The most interesting part of this to me is that they have a path, both in code and in process, to fallback to peer-to-peer if stuff breaks. That's pretty impressive.
Also interesting and impressive: Halo multiplayer fans have modded the original Xbox version of Halo to act as a dedicated server for Xbox LAN multiplayer[1] that serves the same architectural role as 343's UHS does for MCC online play.
The clients still talk to the official servers which run matchmaking and group up players together. The difference is whether the matchmaking servers tell all the players to connect to a dedicated gameserver or to connect to one of the players.
I know we normally never hear about this stuff from game compaies at all, but it would be nice to have a little bit more detail.
> Finally, it was identified that there had been some updates behind the scenes to the servers we use to relay STUN traffic as part of the ICE process which had resulted in misconfigurations.
The thing with using cloud services is that sometimes the hosting provider can make changes to configurations that have impacts (such as monitoring software that steals precious CPU at seemingly random moments, or network topology hardware that impacts connectivity)... without it necessarily being under your own control. I've had a few high-visibility incidents where, after investigation, the buck stopped with us even though technically the studio could have shifted blame to an unanticipated change from the hosting provider.
Disclaimer: I currently work at Microsoft Game Studios, though this comment reflects my own opinions based on experiences unrelated to this incident.
Of course, that's totally understandable - I recently root caused an incident to "AWS likely changed how this component behaves at some point in a particular 2 month timespan."
But I think there's a lot more to be learned by sharing how STUN changed, what the new behaviour is, what the intent of the change was, how it was tested, etc.
For a counter-example of the level of detail I'd like to see, I saw this [1] DataDog incident report go by on Twitter this morning. This is straight up awesome and more detailed that most of our internal incident reports. I definitely learned a lot from reading it.
Both Bungie and 343 have done an admirable job (well, compared to other devs) about explaining their network infrastructure etc. Back in the day they did a big talk about how their matchmaking in Halo2/3 worked that I think to this day is still one of the best methods of learning when you're not in the industry yet. I can't recall what it was called though: might be the "Chris Butcher - Recreating the LAN Party Online: The Networking and Social Infrastructure of Halo 2" GS talk but I can't listen right now to check
Along these lines is the venerable TRIBES Engine Networking Model whitepaper. It was so good, it was shipped as part of the XDK for a decade. I believe Bungie even leaned on it quite a bit when creating their networking stack.
https://www.gamedevs.org/uploads/tribes-networking-model.pdf
Disclaimer: I work at Microsoft Game Studios, but this comment reflects my own opinions.
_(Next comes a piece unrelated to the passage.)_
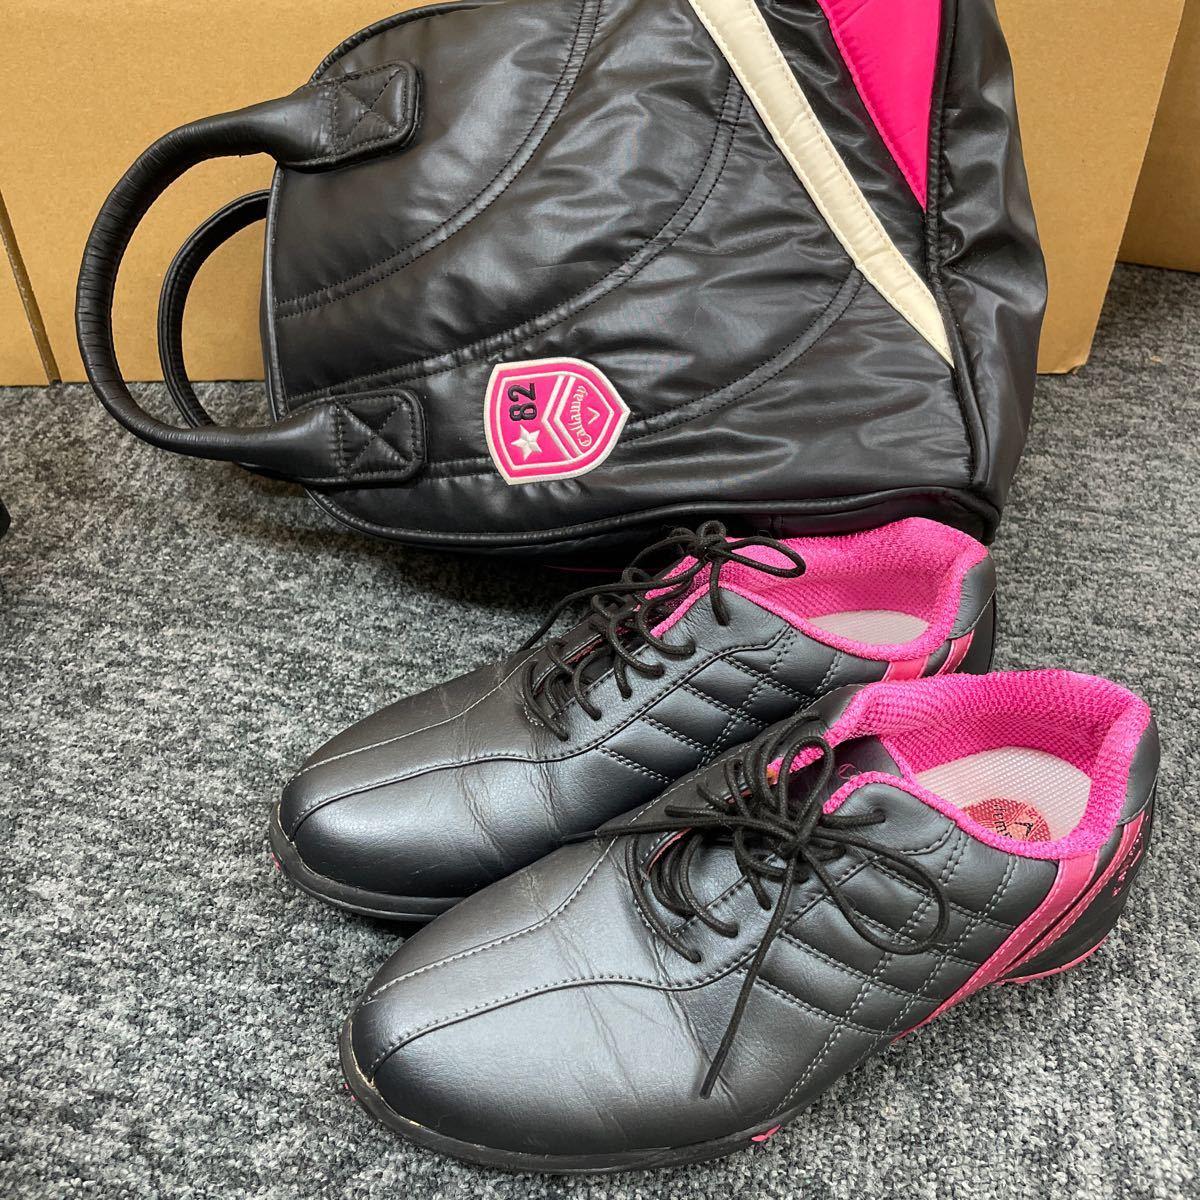 Callaway キャロウェイ レディース ゴルフシューズ 24.5cm ブラック×ピンク JVW803-23 収納ケース付き
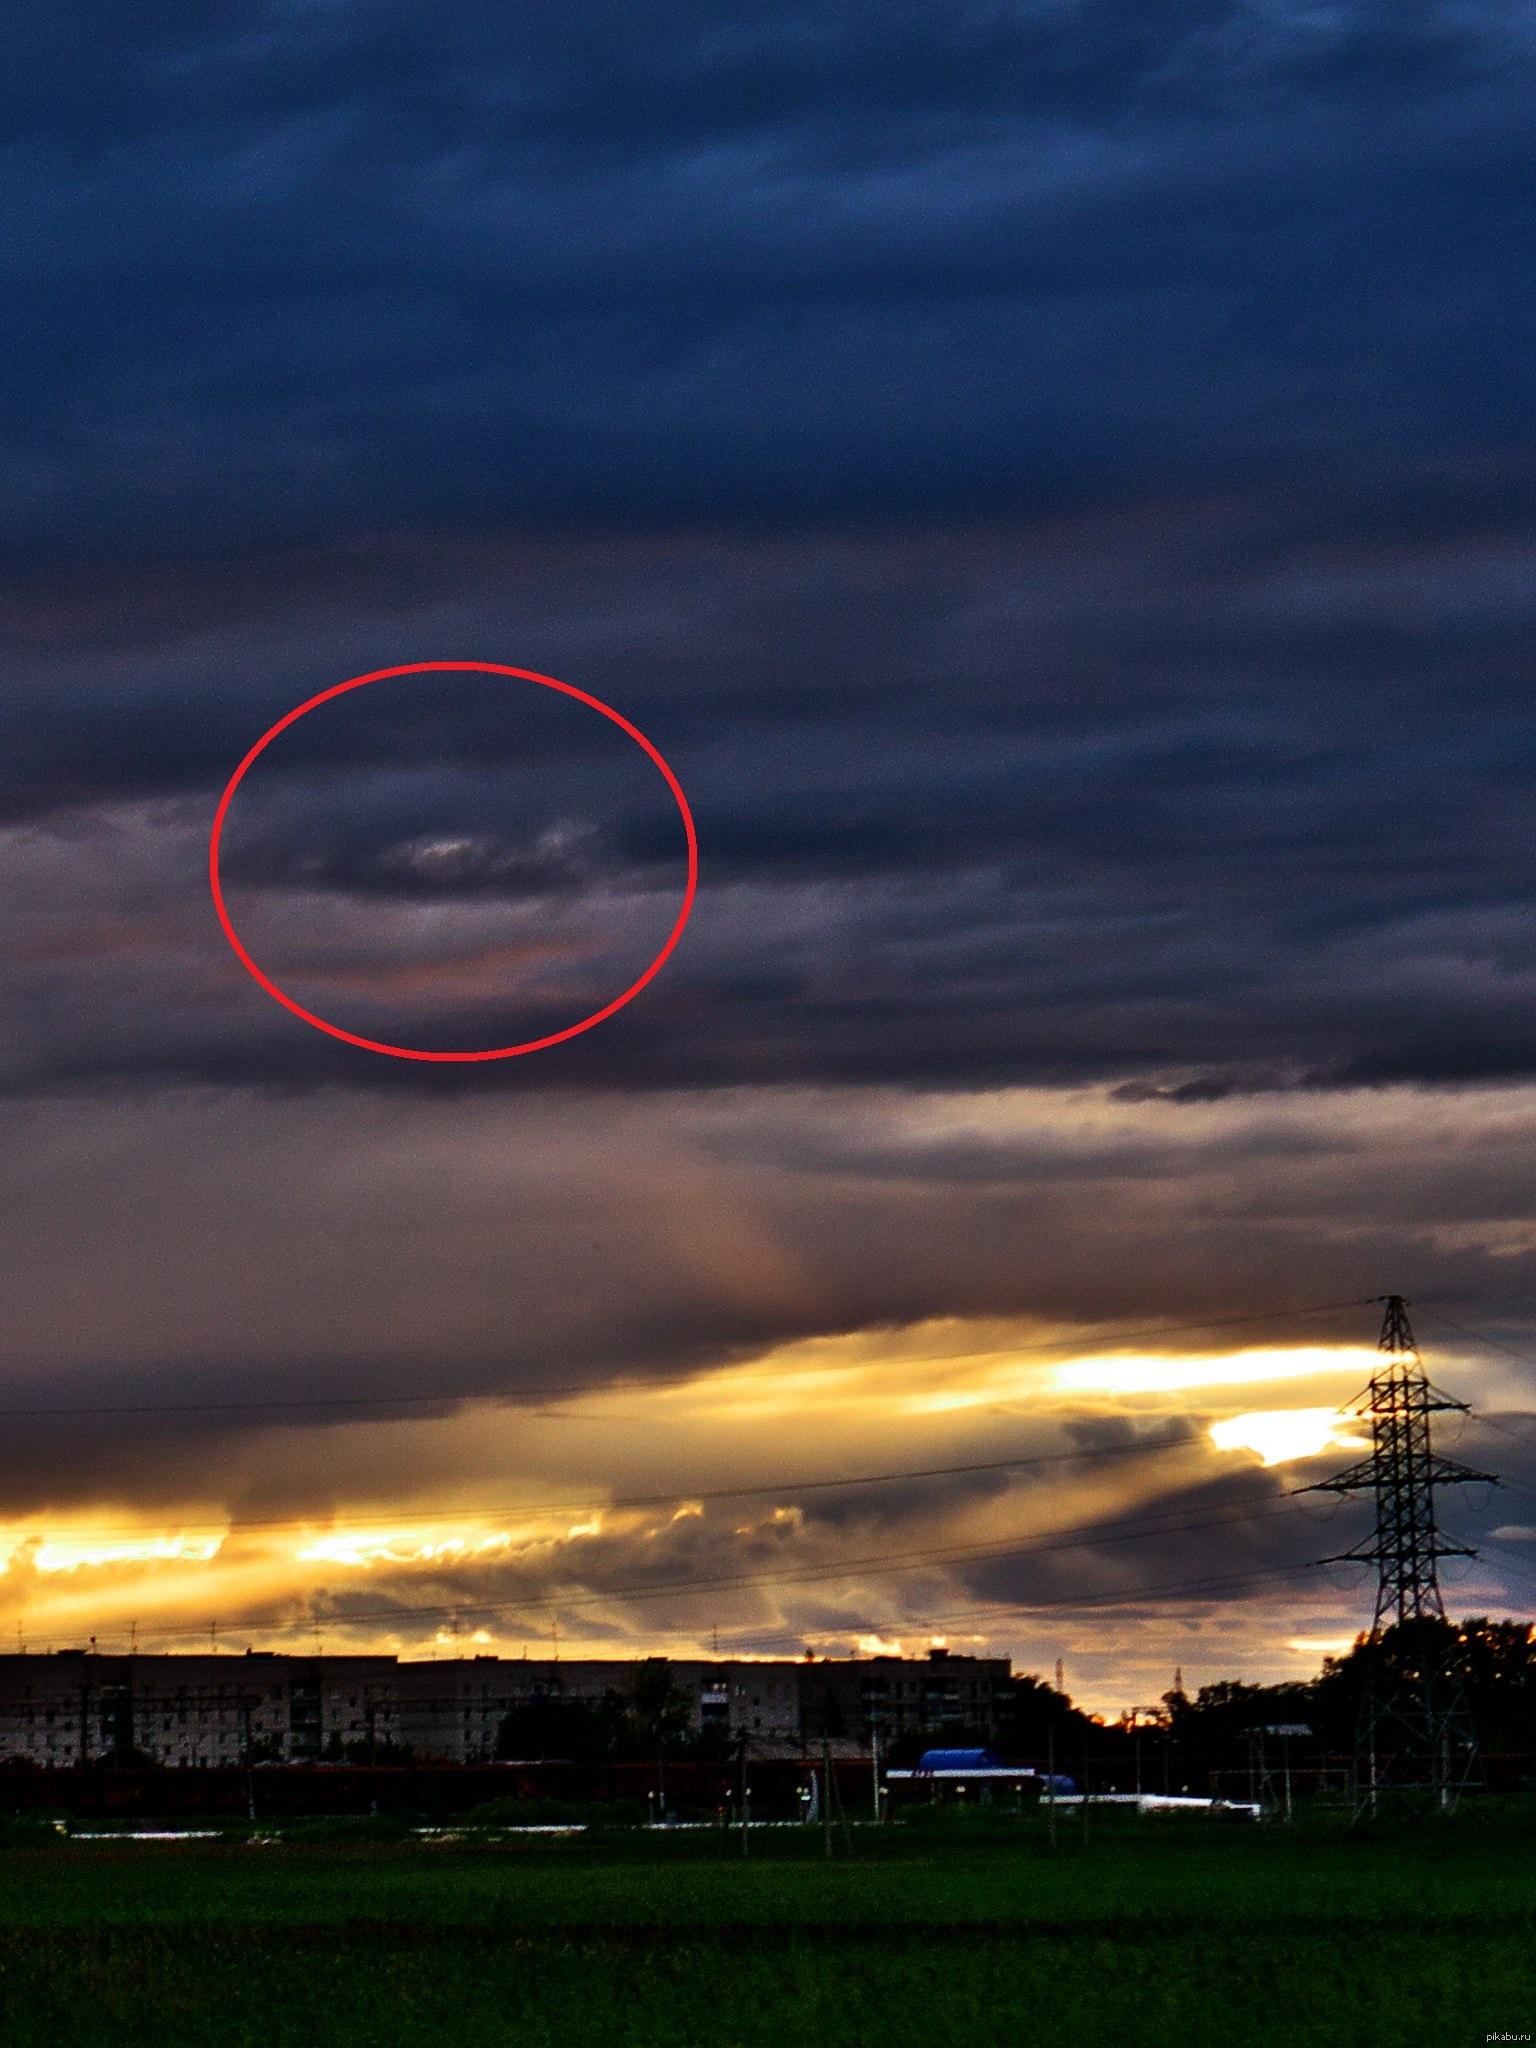 день наслаждались небо в глазах картинки фото упрямая турхан-султан

Only semi-related, but there was a recent excellent, short podcast interview series with one of Halo 2's multiplayer designers: https://smarturl.it/H2Pod
And similar to my sibling comment, mostly for anyone else browsing through - the comments on this recent HN post have a lot of resources about game dev stuff in general, which might be of interest (though I also cannot promise directly related X) ): https://news.ycombinator.com/item?id=31084779
Given that the error resulted from the STUN and ICE servers, which from my understanding exist solely to play a part in the NAT punching process, would this entire situation have been mitigated if things were end-to-end IPV6?
Only in theory. In practice even when IPv6 is in use, people have stateful firewalls that will drop unsolicited connection attempts.
Compared to ipv4 where there is UPnP and NAT-PMP with widespread support in routers, there are protocols to allow clients to reconfigure the router with ephemeral firewall rules, but they are not wide-spread and support is very spotty.
So in practice, users with just IPv6 would have the exact same problems and would be even more likely to depend on STUN and ICE because their firewalls likely won’t support client-side hole-punching correctly
The root cause is REALLY surprising. If it's really an unrelated change to the NAT/STUN relay server, it means that there was a pretty broad lack of change management framework.
MCC probably has an "interesting" architecture as it's a combination of Halo games that spans a few generations that makes something like playfab a bit too restrictive to work in.
Anyone else having issues viewing this on Firefox? I can see the whole webpage for an instant, then everything disappears, then it is "slowing down my browser".